Lab 6
Phylum Chordata and Embryonic Development

    The animals belonging to phylum Chordata, although a very diverse group, share certain essential characteristics.  Although these characteristics are often not apparent in adult forms, they are easily observable in larval forms and/or in various stages of embryological development.  The four basic characteristics are: 1) a dorsal tubular nerve cord, 2) a notochord, 3) pharyngeal pouches, 4) and a post-anal tail.  All chordates show these characteristics at some point between the zygote stage of development and the adult animal.

    Phylum Chordata contains the most structurally advanced bilaterally symmetrical  animals in the kingdom Animalia.  The phylum is divided into three subphyla.  In order of evolutionary and structural importance these subphyla are:

Subphyla:
        Urochordata - a name meaning "tail chord" indicating that the notochord does not extend into the head region.  Examples include little know animals such as tunicates and sea squirts.

        Cephalochordata - "head chord", indicating that the notocord does extend into the head region.  Animals classified in this subphylum are know as lancelets (Amphioxus).

        Vertebrata - "dorsal vertebrate column". 

Phylum Vertebrata has two primary division":
         Superclass Agnatha - "jawless fishes", the hagfish and lampry.

         Superclass Gnathostamata - jawed fish and all tetrapods.

Superclass Gnathostamata has 6 primary divisions:
            Class Chondrichthyes - "cartilaginious fish"; sharks, skates, and rays.
            Class Osteichthyes - "boney fish"; all other fishes.
            Class Amphibia - terrestrial animals but still dependant on water; frogs, toads, salamanders.
            Class Reptilia - the first true land vertebrates; snakes, turtles, lizards, alligators, crocodiles.
            Class Aves - "birds"; feathered, homeothermic vertebrastes.
            Class Mammalia - "mammary glands"; homeothermic vertebrates with hair and mammary glands.

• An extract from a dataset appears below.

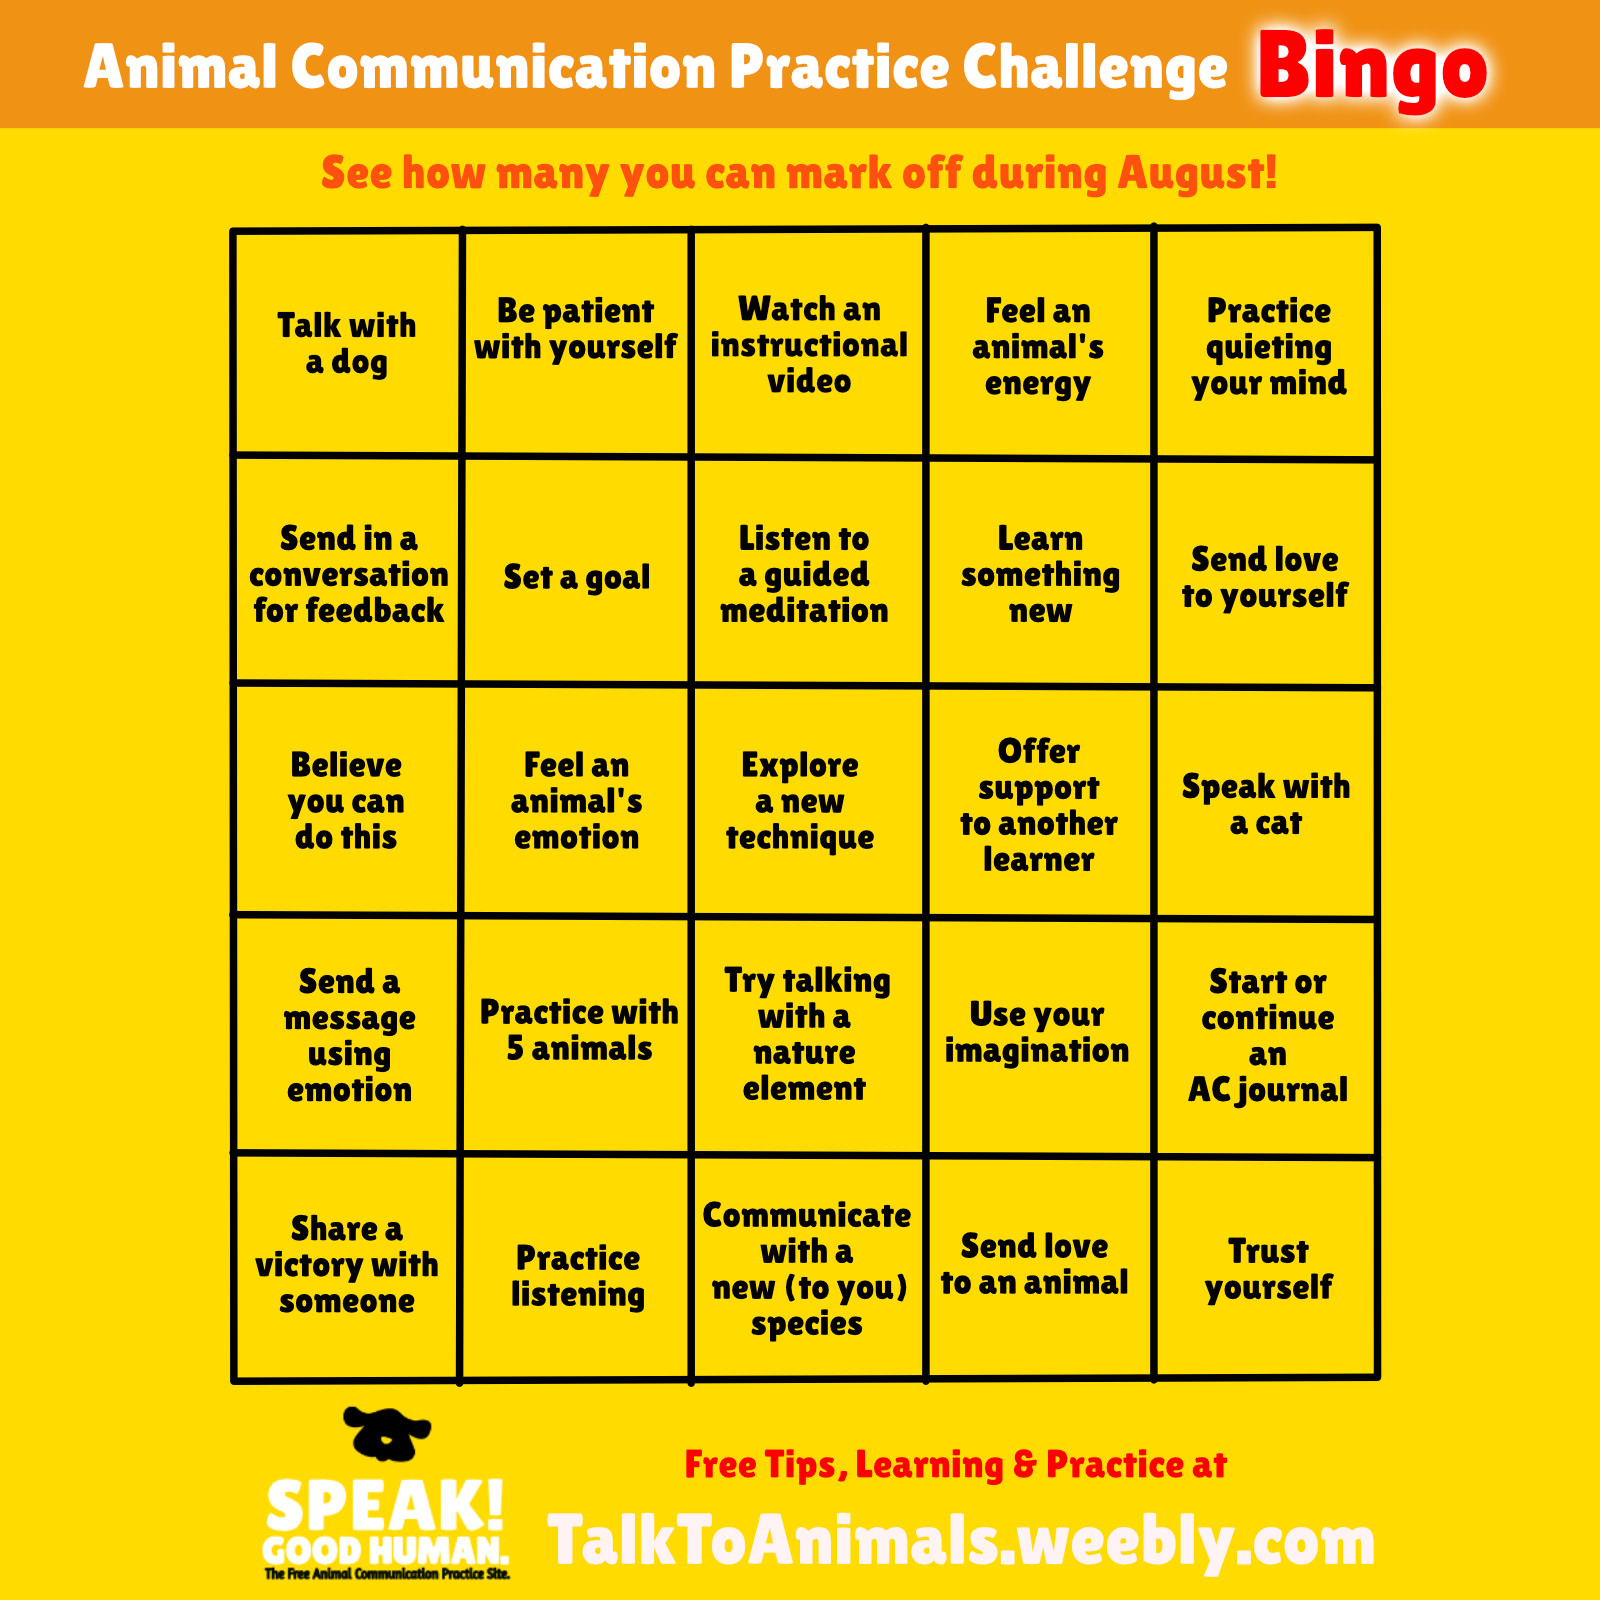 Animal Communication Practice Challenge - SPEAK! GOOD HUMAN.

    Vertebrates are characterized by an endoskeleton that includes a backbone composed of a series of vertebrae.  The vertebrae develop around a notochord (usually present in the embryo only).  The symmetry of this group is described as being bilateral.  The body cavity is lined completely by mesoderm (represented by the peritoneum), and is referred to as a coelom.  The circulatory system is closed, and the digestive tract is complete with a mouth and an anus.  Segmentation is exhibited in the arrangement of the vertebrae and organization of the muscles.  The vertebrae kidney is closely associated with the closed circulatory system, and it functions in accordance with the animal's environment.  The nervous pathways consist of a central and peripheral system.  Gas exchange occurs by diffusion across cell membranes, gills, and lungs.

Question 1:  Name and describe the four chordate characteristics.

Question 2:  List the three subphyla of chordates and give an example of each.

Question 3:  What are the factors that unify these three groups of animals?

    The most frequent points of observance of the chordate characteristics is during embryological development.  Early chordate development also shows the linkage between the chordates and lower animal forms.  In fact, the patterns of early chordate development are most easily seen and exemplified by early development of the Echinoderms, as chordate developmental patterns have been modified by evolution to accommodate a large mass of yolk (stored food).  In moving toward land, animals had to develop ways of feeding developing embryos in a hostile, unnatural environment, and this caused the basic patterns of early development to be somewhat obscured. 

Question 4:  In what group of animals is early chordate developmental patterns most easily observed?

LAB OBJECTIVES
    1.  To observe the chordate characteristics and through them learn the relationships between the three chordate subgroups.
    2.  To observe and learn the patterns of early chordate development.
    3.  To learn characteristics and representatives of superclass Agnatha and classes of superclass Gnathostamata.

PROCEDURE
    Observe the indicated slides, preserved specimens, and filmstrip for the chordate characteristics and patterns of embryological development as indicated.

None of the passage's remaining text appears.